Baudrillard’s notion of hyperreality comes to mind.
Hyperreality is the inability of consciousness to distinguish reality from a simulation of reality.
However, after thinking up some doom and gloom shit about the future, I reversed course: Why speculate about future kids when most of us grew up with a manipulative media diet? Saturday morning cartoons were wildly manipulative, the emergence of social media damaged a lot of people’s expectation of reality, and the last three election cycles in the US were heavily impacted by the ability of certain populists to generate memes.
AI will speed up the content generation process and introduce some absurd elements like six-fingered watch models, but I don’t think it will be more manipulative than media already is, just weirder and faster.
My ultimately positive forecast: the kids of the future will create their own networked spaces outside of the mainstream internet and just continue on with their lives ignoring what doesn’t interest them and seeking out what does. Regardless, we’ll never understand it anyway.

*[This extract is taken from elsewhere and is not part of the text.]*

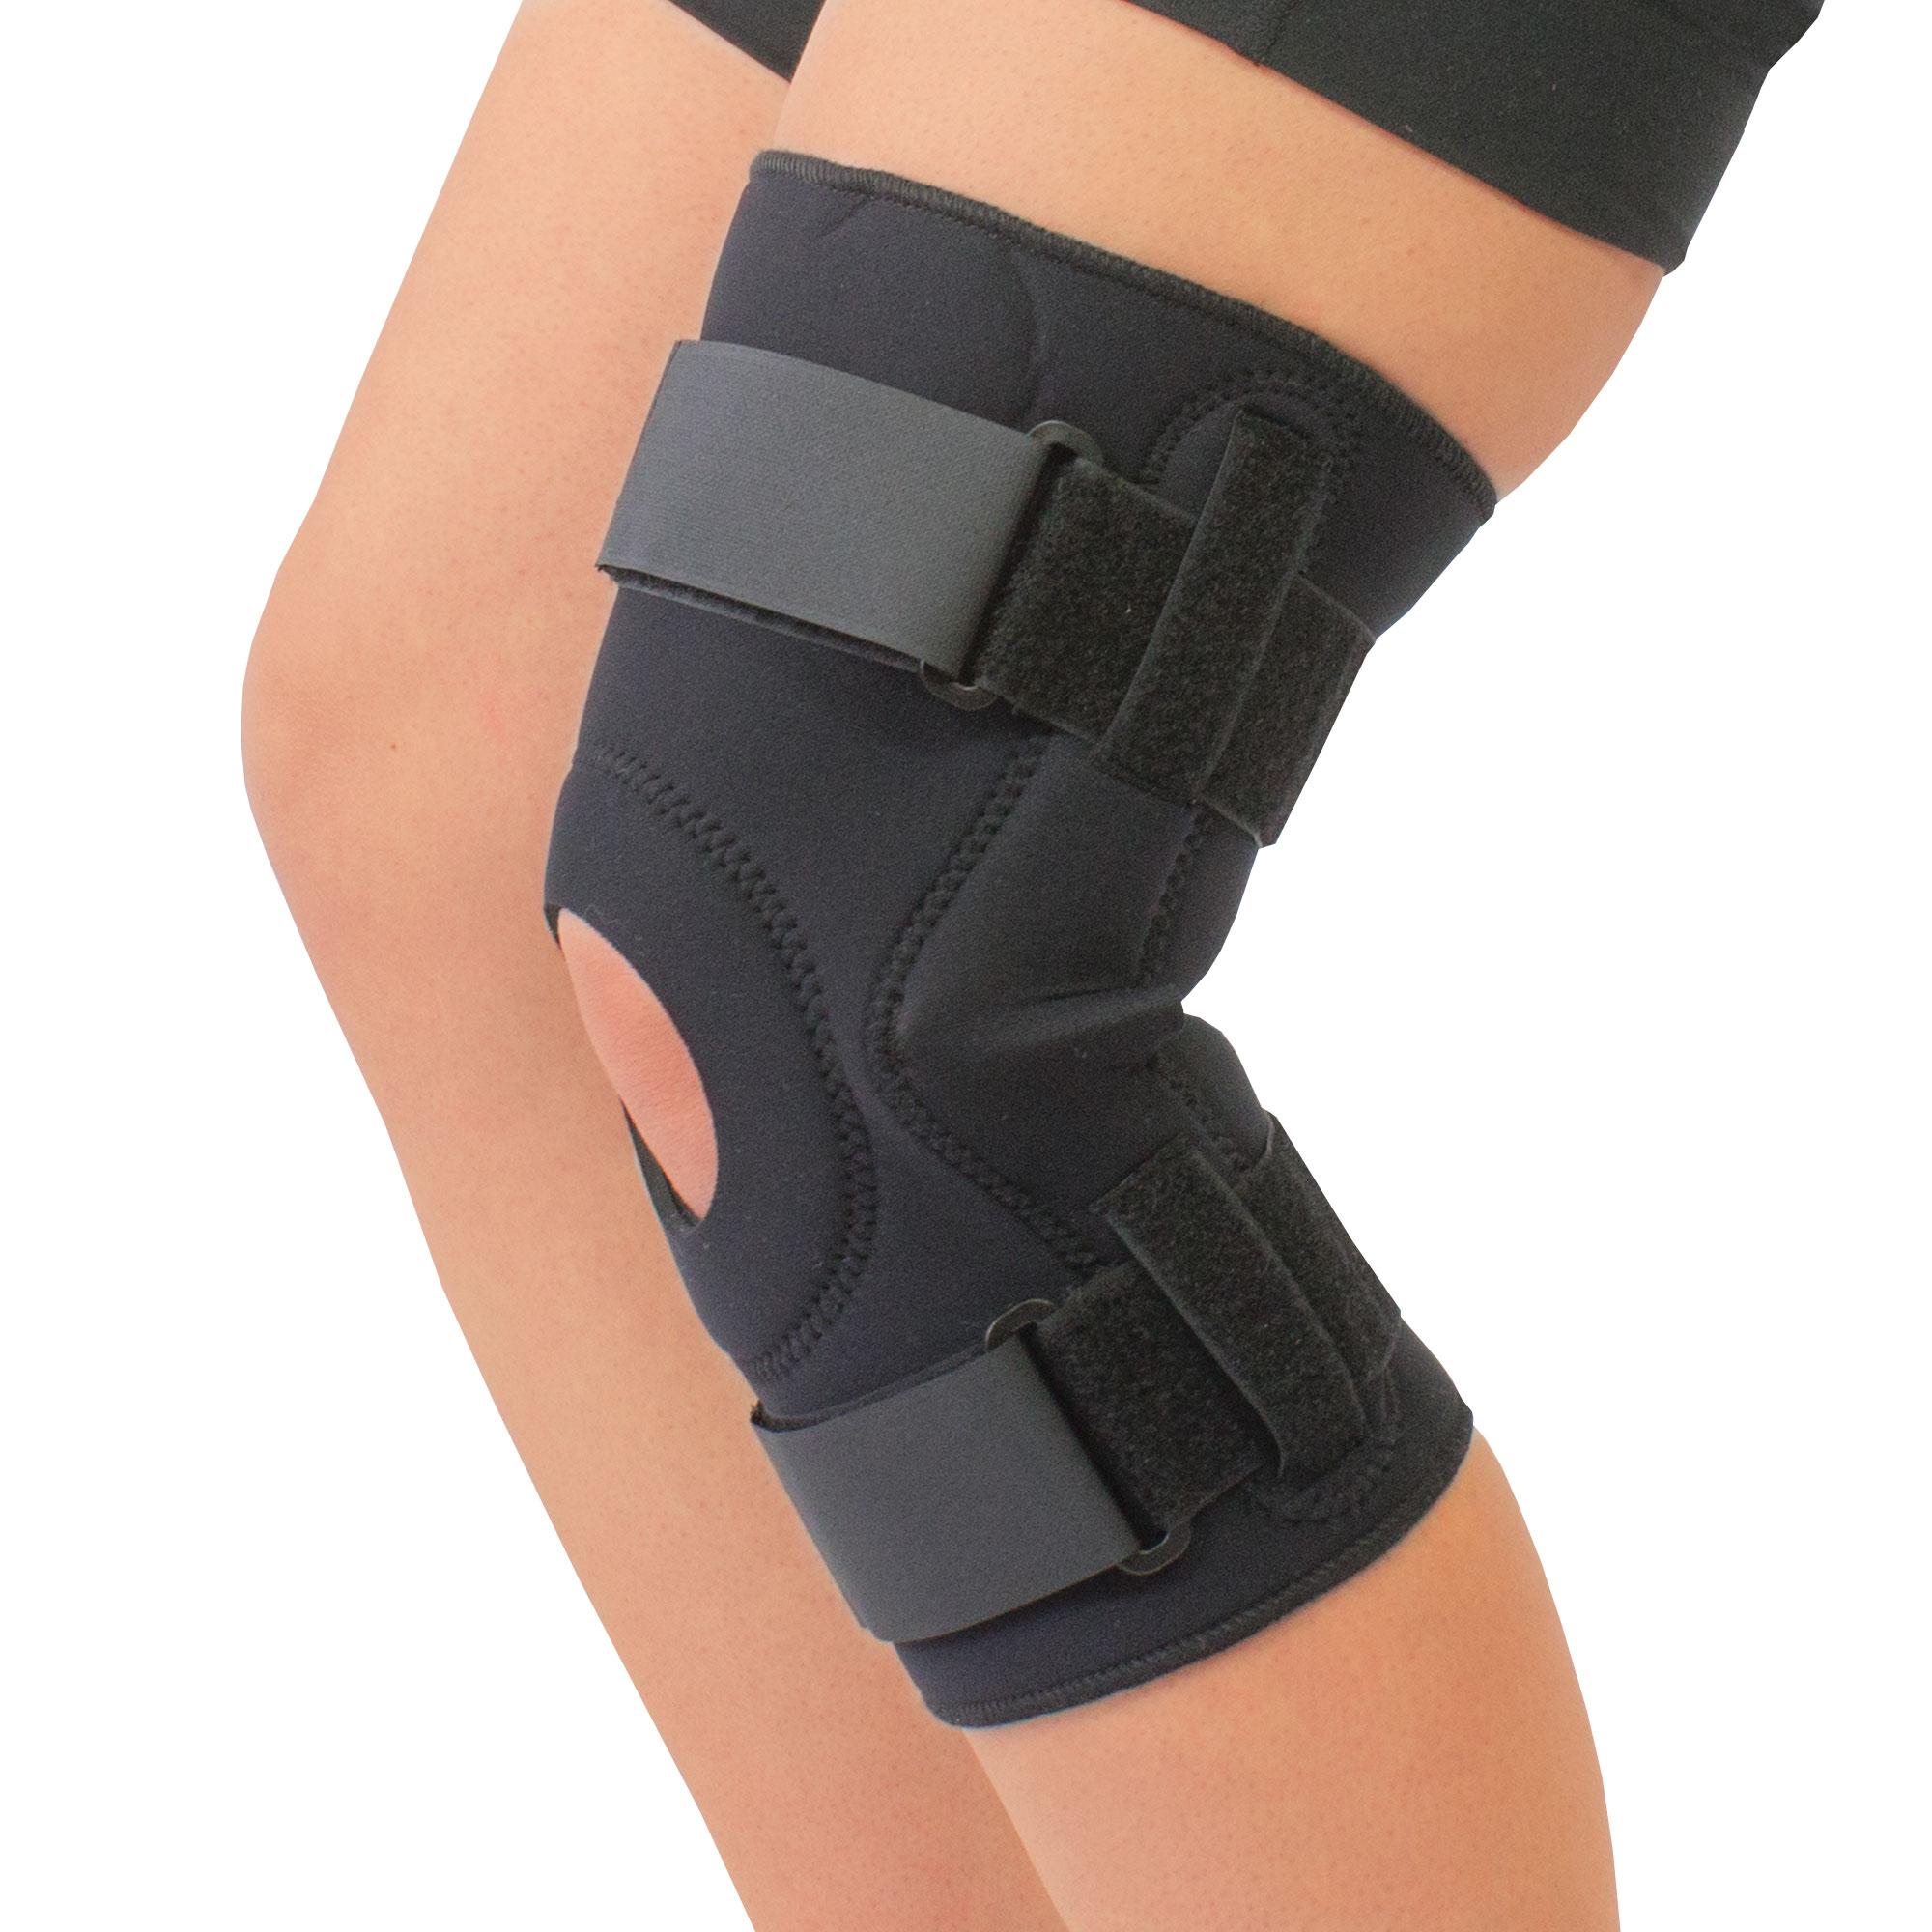 black-hyperextension-knee-brace.jpg

Is this enshittification or the convergence of objects into the same design due to regulation/demand/function/etc. (I’m sure there’s a name for this but I can’t recall it)?
Cell phones are certainly enshittified with planned obsolescence or incompatible text messaging protocols or ‘walled gardens’, but what else should a cell phone be besides a cellular networked pocket computer with a camera?
What features (besides a dedicated headphone jack) is missing from a modern cell phone that your old one had?